Objection: “A few billionaires could buy all the bonds and control everything.”

Response: The system uses voting mechanisms to prevent this. Quadratic voting makes each additional vote progressively more expensive, making single-entity domination impossible. Plus identity-based voting power based on reputation and participation, not just capital. The goal is governance by active participants, not just the wealthiest.

“Why Not Just Use Philanthropy?”

Objection: “If this matters, why not raise money from donors instead of complicated bonds?”

Response: Philanthropy is zero-sum. A massive campaign for this would cannibalize donations from thousands of vital health charities already doing critical work. The goal isn’t reshuffling a small pot of charitable giving; it’s tapping the multi-trillion dollar stream of wasted government spending. This permanently shifts global capital allocation from destruction to creation.

“How Do You Prevent Waste?”

Objection: “How do you ensure money helps patients instead of funding bureaucracy?”

Response: The decentralized framework for drug assessment model is 80× more efficient. Pragmatic trials cost $500 per patient versus $41,000 in traditional trials.

The NIH’s RECOVER initiative spent $1.6B for zero completed trials in 4 years. With that budget, this model could run 2,800 trials for 2.8 million patients. Evidence is overwhelming.

“Why Not Just Increase Health Funding?”

Objection: “Why cut military spending? Just allocate more money to health research.”

Response: It’s about reallocating finite resources, not printing money. The world’s top scientists, engineers, and manufacturing capacity are limited. A direct, treaty-bound reallocation forces a real shift. Cutting 1% from military budgets doesn’t just move dollars; it frees physicists and data scientists from building weapons to curing Alzheimer’s.

“What About Defense Industry Jobs?”

Objection: “This will destroy millions of defense industry jobs.”

Response: This redirects waste into a new job creation engine. The US contribution is less than 0.5% of trillions the Pentagon can’t account for.
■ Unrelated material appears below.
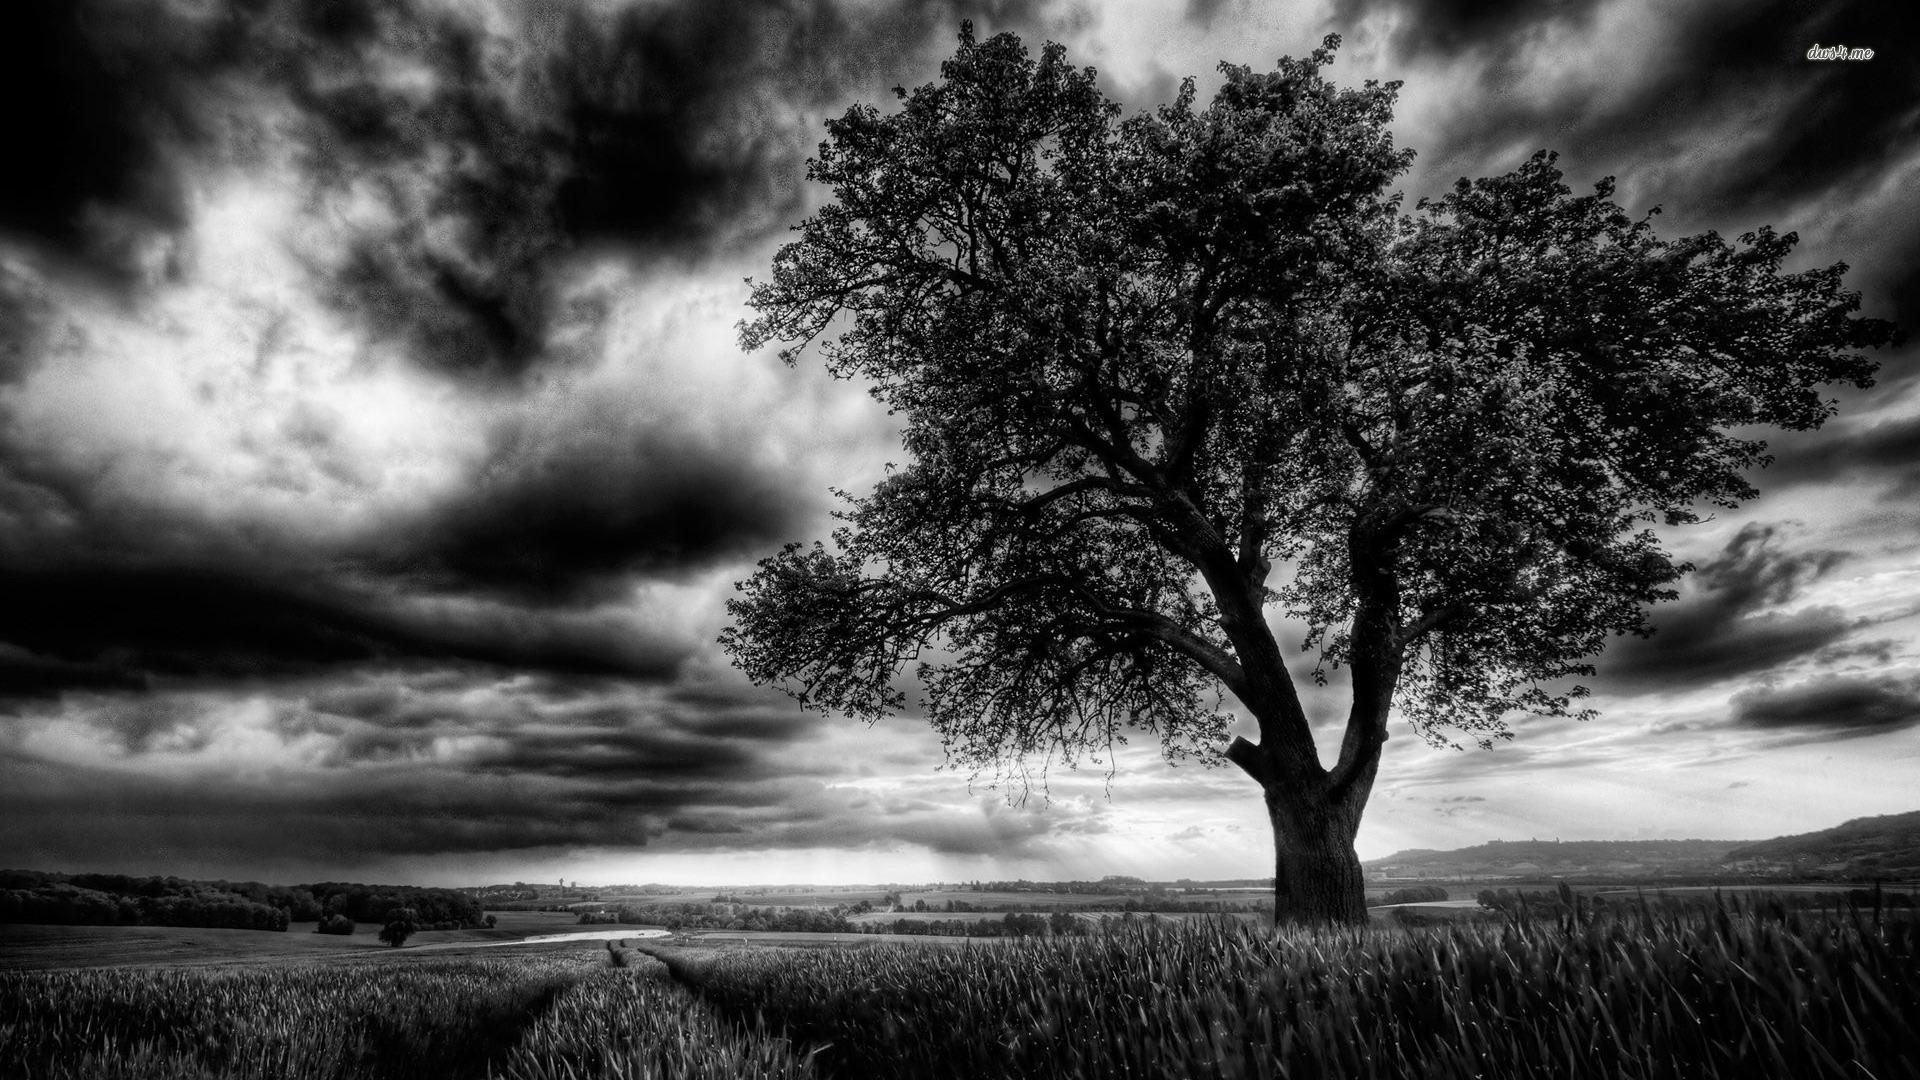 Dark Tree On The Field Wallpaper - Dark Tree Wallpaper Hd , HD Wallpaper & Backgrounds

That wasted money creates medical jobs instead. Engineers building guidance systems can build next-generation medical imaging devices. This is a net job creator.

“This Disrespects Soldiers”

Objection: “This plan is anti-military and disrespects troops who protect us.”

Response: This supports soldiers by attacking budgetary waste that fails them. When trillions are unaccounted for, that’s money not buying better equipment or support for troops. This redirects a fraction of that waste to protect soldiers and their families from threats far more likely to harm them: pandemics and chronic disease.

“This Violates Election Law”

Objection: “Foreign nationals funding US elections is illegal, and your bonds sound like securities.”

Response: Hire good lawyers. Keep everything separate.

  • Separate legal entities in each country with zero coordination on political spending
  • Utility token structures with proper exemptions (Reg S, Reg A+)
  • No shared systems, staff, or communication between entities involved in political action

Solved legal challenge.

“What If Major Powers Sabotage It?”

Objection: “What stops Russia or China from sabotaging the system?”

Response: Start with friendly nations (US/EU cover 55% of spending). Holdouts like Russia (<10% share) can’t derail the math. The alternative is unchecked geopolitics, risking nuclear winter killing 5+ billion people. Even partial adoption is better.

Conclusion

Every objection has an answer.

Current system: 55 million deaths yearly from treatable causes.

Proposed solution: Works. Requires your participation.

Three premises: - Not dying is good - War makes people die - Clinical trials make people not die

Conclusion: Move money from the “die” column to the “not die” column.

The math is simple. The choice is yours.